All Your Andy Warhol Paintings Are About to Become Worthless
If you picked up a priceless Andy Warhol painting at a yard sale recently, congrats; that painting is about to become worthless.
The Andy Warhol Foundation for the Visual Arts revealed earlier this week that it intends to dump the remaining pieces of Warhol's estate in one fell swoop, selling off over 20,000 (TWENTY THOUSAND) works, including silk-screen paintings, drawings, photographs, and archival materials, at auction, beginning this fall.
Foundation chairman Michael Strauss explained the logic to the Wall Street Journal: "We're converting art into money."
This is a great thing to say any time you sell a good or service. "I'm converting donuts into money," says the donut baker. "I'm converting sex into money," explains the prostitute. "I'm converting fibs into money," says the president of a for-profit online business school.
Strauss added that the foundation will use the proceeds from the auctions (estimated to fall in the $100M range) to increase its $225 million endowment, which, again, is the same kind of obvious statement as, "I'm going to take the money that I make and add that to the money I already have." It's just good business. (Strauss says the fire sale will free up more money for philanthropic efforts by eliminating the costs associated with storing and insuring the art.)
One group of people less keen on this funny business, the Journal reports, is anyone who has ever paid money for an Andy Warhol painting/print/photograph/drawing/collage/wig/whatever.
Alberto Mugrabi, a New York dealer whose family owns at least 800 Warhols…worries the foundation will "dilute" the Warhol brand by flooding the market with too material at once. "It's ridiculous—they have a great product, and they're pushing it out into the market like cattle," he added.
Soon Andy Warhol silk-screens will litter the streets of New York like cigarette butts. We'll use them as packing peanuts to protect other, more valuable artworks, like a velvet painting of Aaliyah floating above a sunset. We'll wrap the Campbell's soup can series around our tin cans of soup, because it will literally be cheaper than paying to have soup can labels manufactured.

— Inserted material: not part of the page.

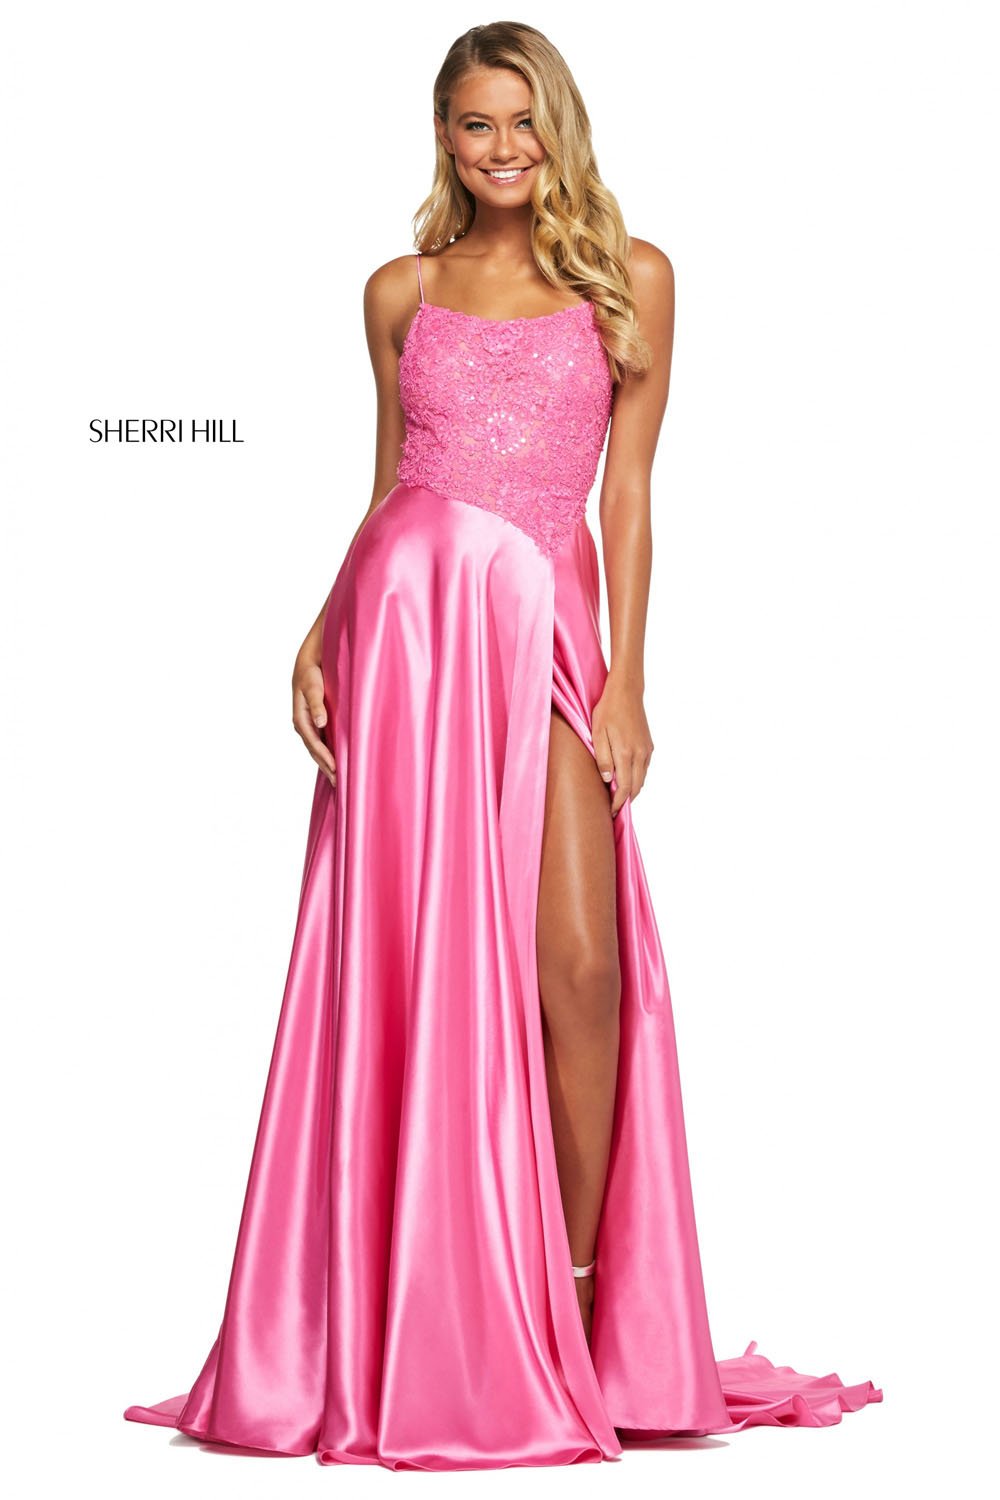 Sherri Hill 53648 dress images in these colors: Yellow, Coral, Lilac, Red, Light Blue, Pink, Rose Gold, Black.
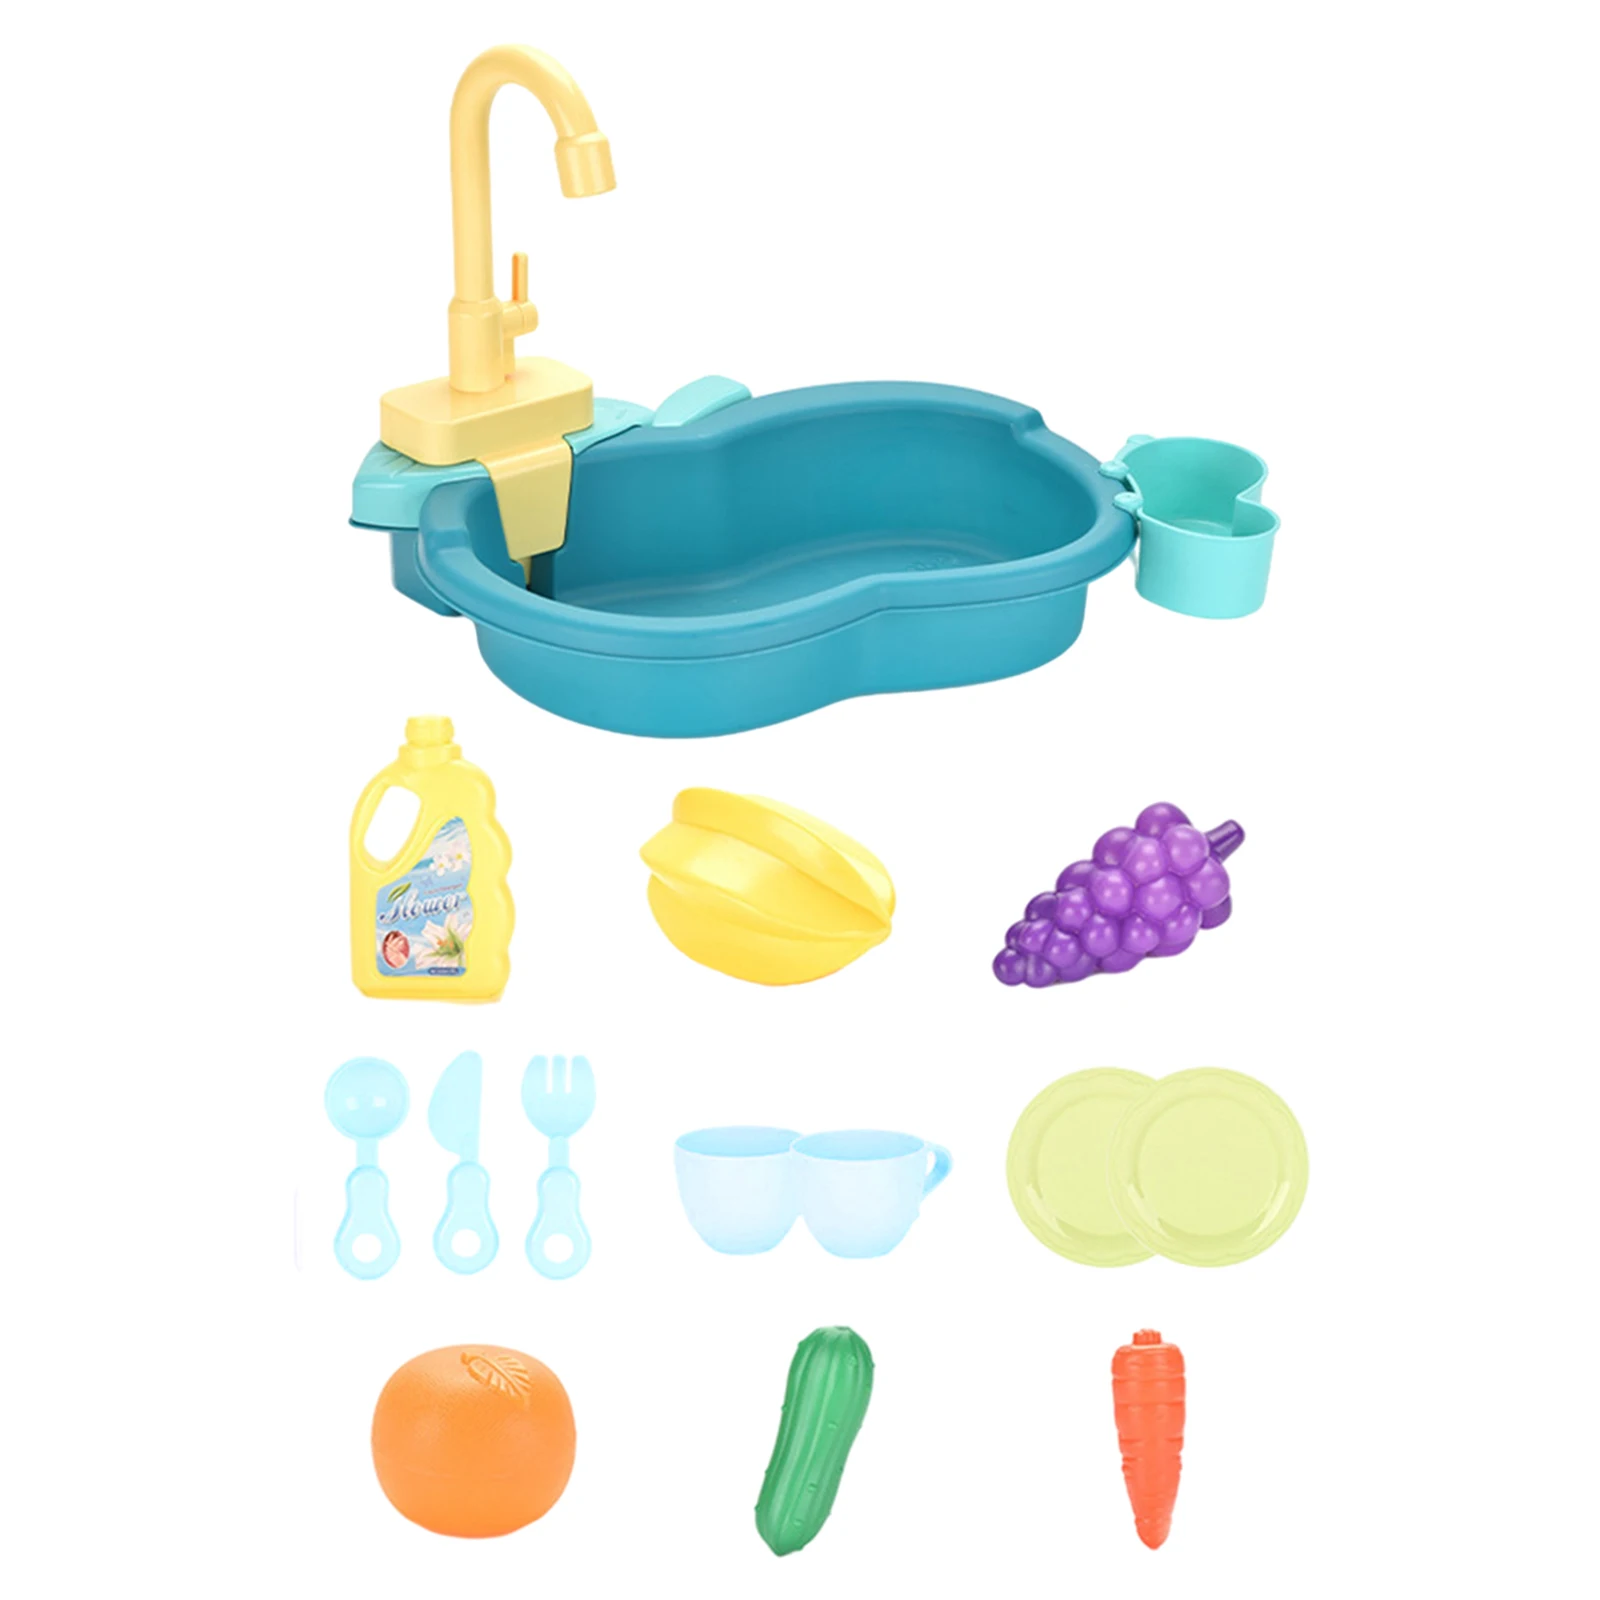 Simulated Play Sink Toys and Working Faucet Kitchenware Educational Role Playing Games for Kids Gifts

The estate sale has been timed to coincide with the Metropolitan Museum of Art's Regarding Warhol retrospective, which opens September 18th and runs through December. The auctions will begin on November 12th at Christie's in New York, meaning you can treat your Met visit not as a trip to an iconic cultural institution, but as a walk through an IKEA on a Saturday afternoon. Bring a notebook with you and write down the names of all the pieces you want to lay on your carpet to cover up that dark spot, then head over to Christie's and pick them up for peanuts, wooden nickels, a joke—anything; we've gotta move this stuff.
Following the November auction, most of the remaining items will be sold, for lower-prices, at a series of online auctions beginning in February and ending 1,000 years from now after everything has been sold. Other sales will be brokered privately.
The silver lining for collectors is that none of the estate's remaining material has ever been seen by the public, meaning there's a slim chance you could find something really valuable, like a penny that's been flattened out by a train or a copy of the Declaration of Independence, behind one of the pictures.
The piece expected to draw the highest price is a 19-foot-long silk-screen titled "Three Targets" (scroll down about halfway). Christie's expects the work will fetch at least $1 million.